Who is Mevrouw Clinton to come and give me a lecture on human rights? She lives in a country that has done nothing but to kill human beings all across the world since the beginning of its miserable history. She lives in a country where vile racism is still very much alive and where black people continue to be treated with impunity. Senator Clinton was part of the infamous gang of US Senators that drafted the infamous bill that placed sanctions on Zimbabwe -- current vice president Biden is another one of the senators.

These racists were there when Ian Smith and his brigands were massacring Africans; they didn't sanction him. They were probably asleep when the apartheid killing machines were mowing down innocent Africans who were just protesting against the violations of their inalienable rights to be humans. It should be mentioned that American corporations and banks were in deep cahoots with the stiff-necked Afrikaners. These fine senators, most probably in the pay of US corporations, still look on unconcerned as American MNCs continue their rapacious rape of the earth's resources. They were sponsoring the proxy wars that devastated Angola, Ethiopia, Mozambique, Somalia etc. They were there, cheering in the case of Madam Clinton, when American forces marched illegally to occupy Iraq and killed (who is counting?) Iraqis.

I say who the heck is Mevrouw Clinton to come and pontificate to Angolans about human rights and democracy? Where was America when Angolans were groaning under a very bestial colonial rule? Why didn't American officials moralize to the Portuguese about the need to stop treating Africans like the beast of burden? Why didn't the USA help Angola and the other African colonies to regain the independence from colonial rule? The truth of the matter is that not a single colonial state in Africa enjoyed even a token support from Uncle Sam.

The obscene noises President Obama (oh, he's black!), Mrs. Clinton, and other American officials make today about human rights sound very hollow, hypocritical, and sardonic indeed. And let the truth the told, the U.S. has supported and continues to support the most despicable tyrants in the world. Do I need to name Mr. Diem, Somoza, Pinochet, Mobutu, Batista, Stroessner, Marcos, etc.?

Which brings us back to the Yoruba proverb. President Obama was in Cairo, Egypt recently. We didn't see him talk down to Egyptians. If anything, he talks to them like equals will talk to one another. He didn't give them any lecture about good governance and elections even though Hosni Mubarak has being in power for about thirty years. We do not see US officials hectoring European leaders the way they do to African leaders. The U.S. and Europe occasionally have their differences, but we do not see US officials threatening them or using offensive languages against them.
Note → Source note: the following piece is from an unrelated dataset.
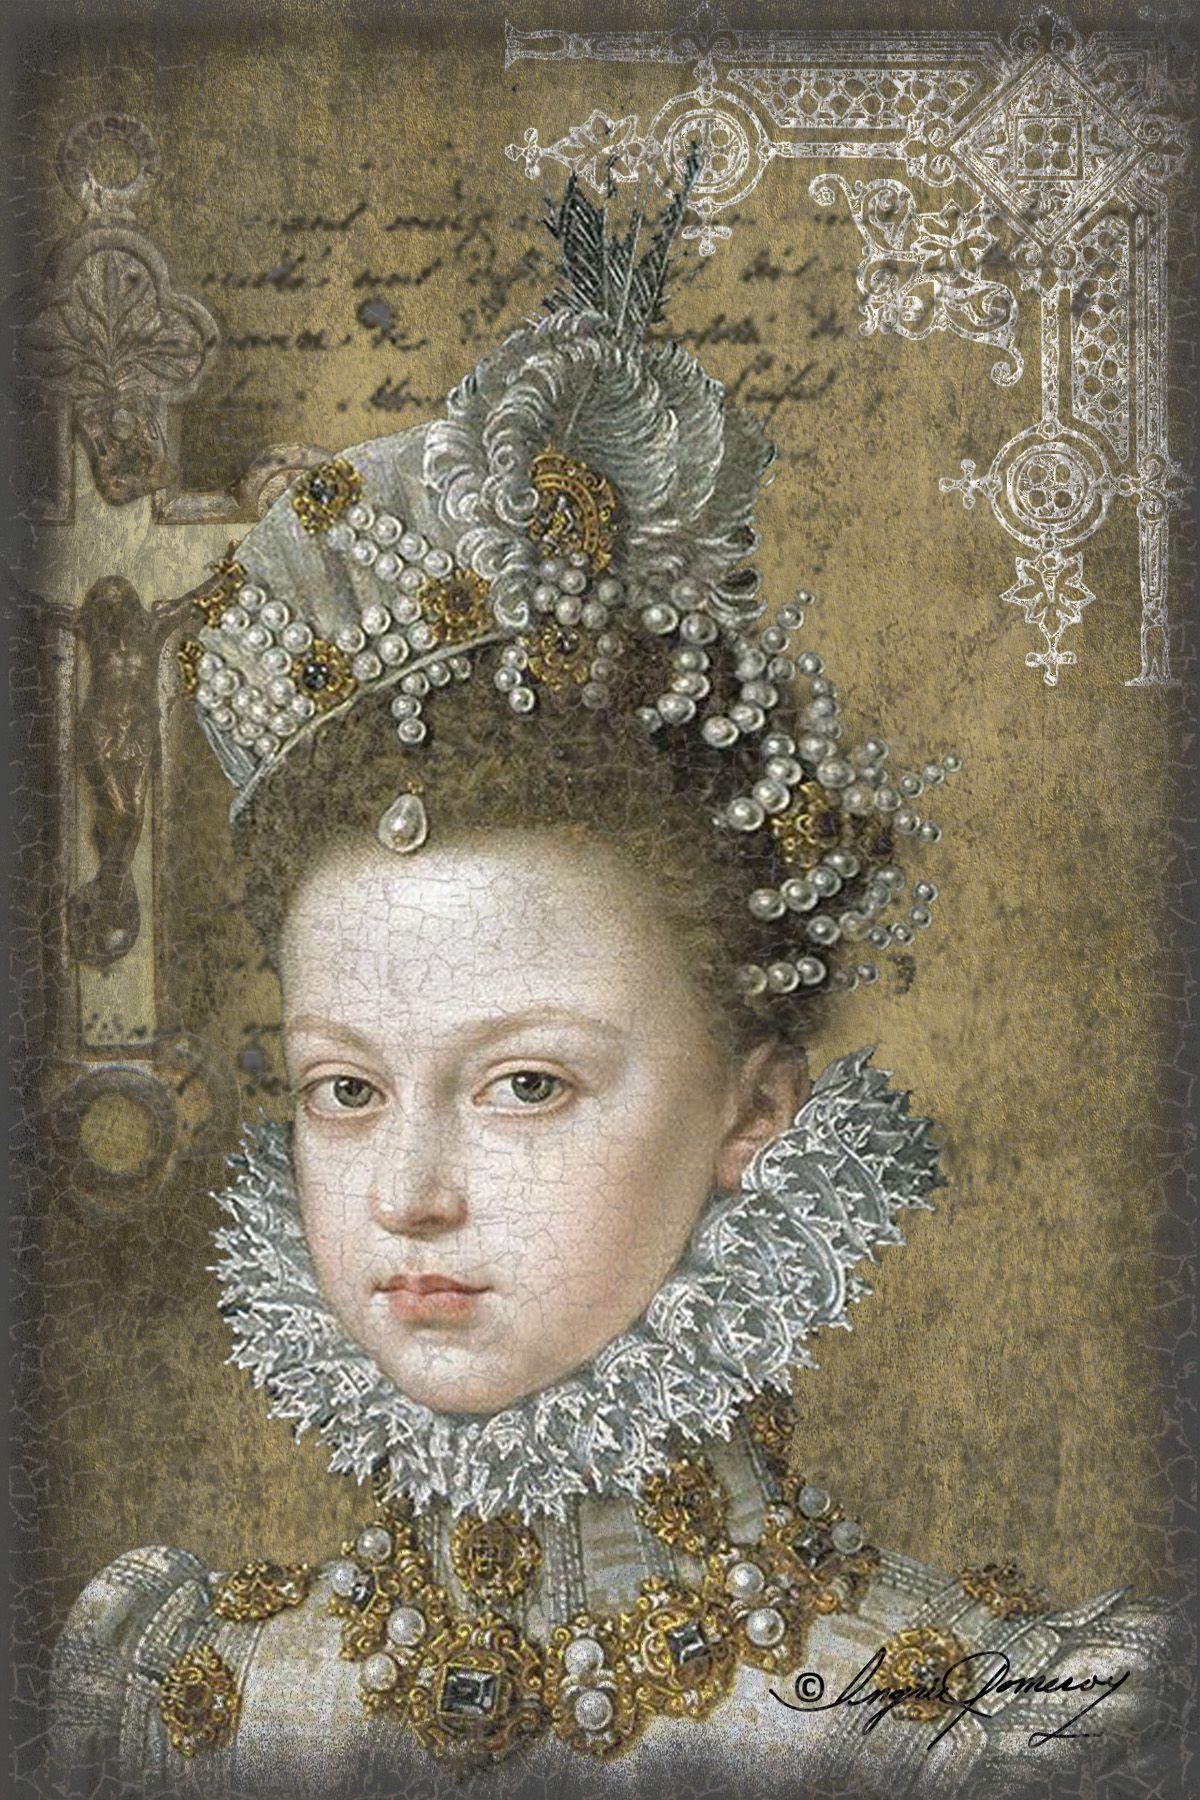 A Renaissance Queen Digital Collage. Art, Art images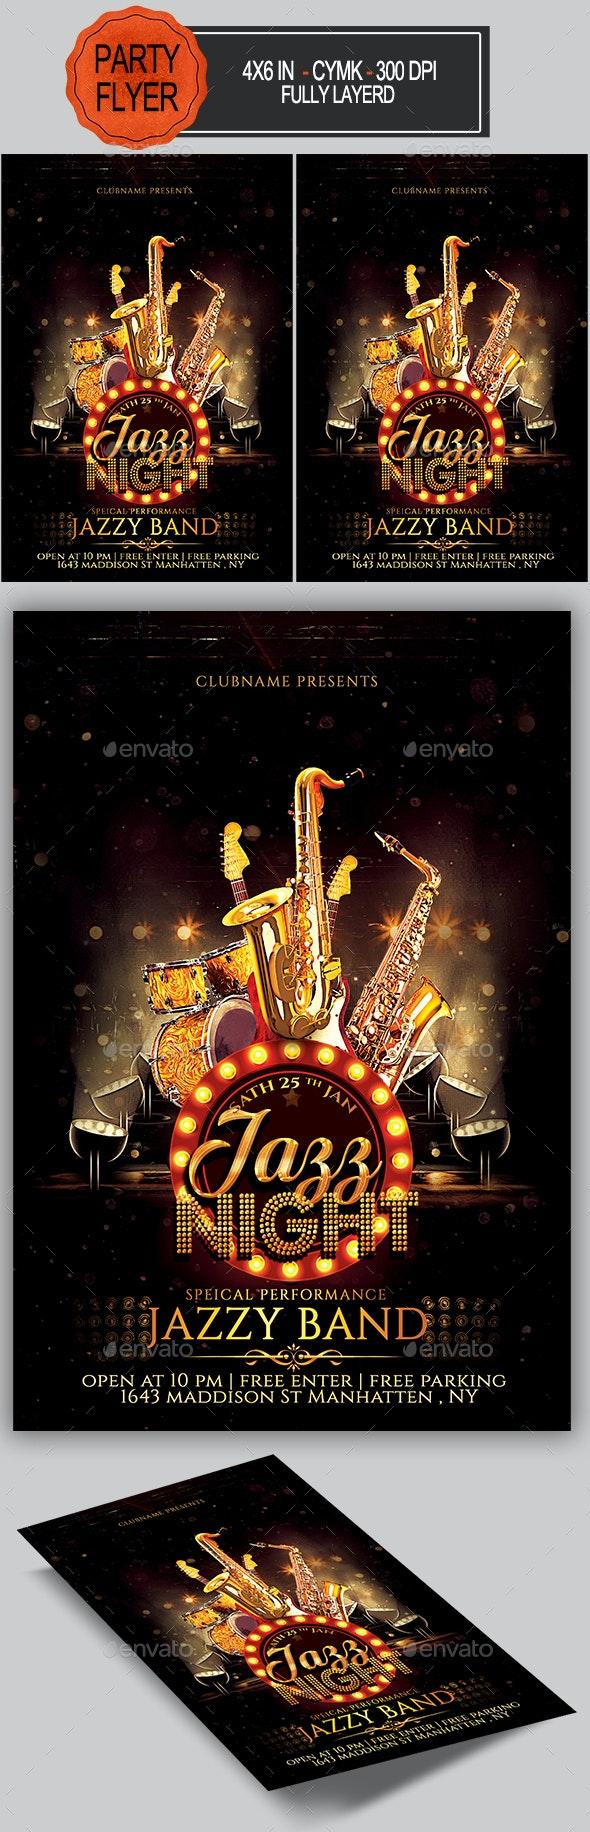 Jazz Flyer - Concerts Events

There is another thing Western people just tend to forget: Cultured guests do not insult their hosts. And those errand boys in Africa who continue to sit down and listen to stupid sermons from Euro-American officials will do well to remember that no elf-respecting host will tolerate insults from those sojourning in his house. Frau Clinton will not dare go to Malaysia and tell the people there how to lead their lives; she simply knows that she will get more than she bargained for.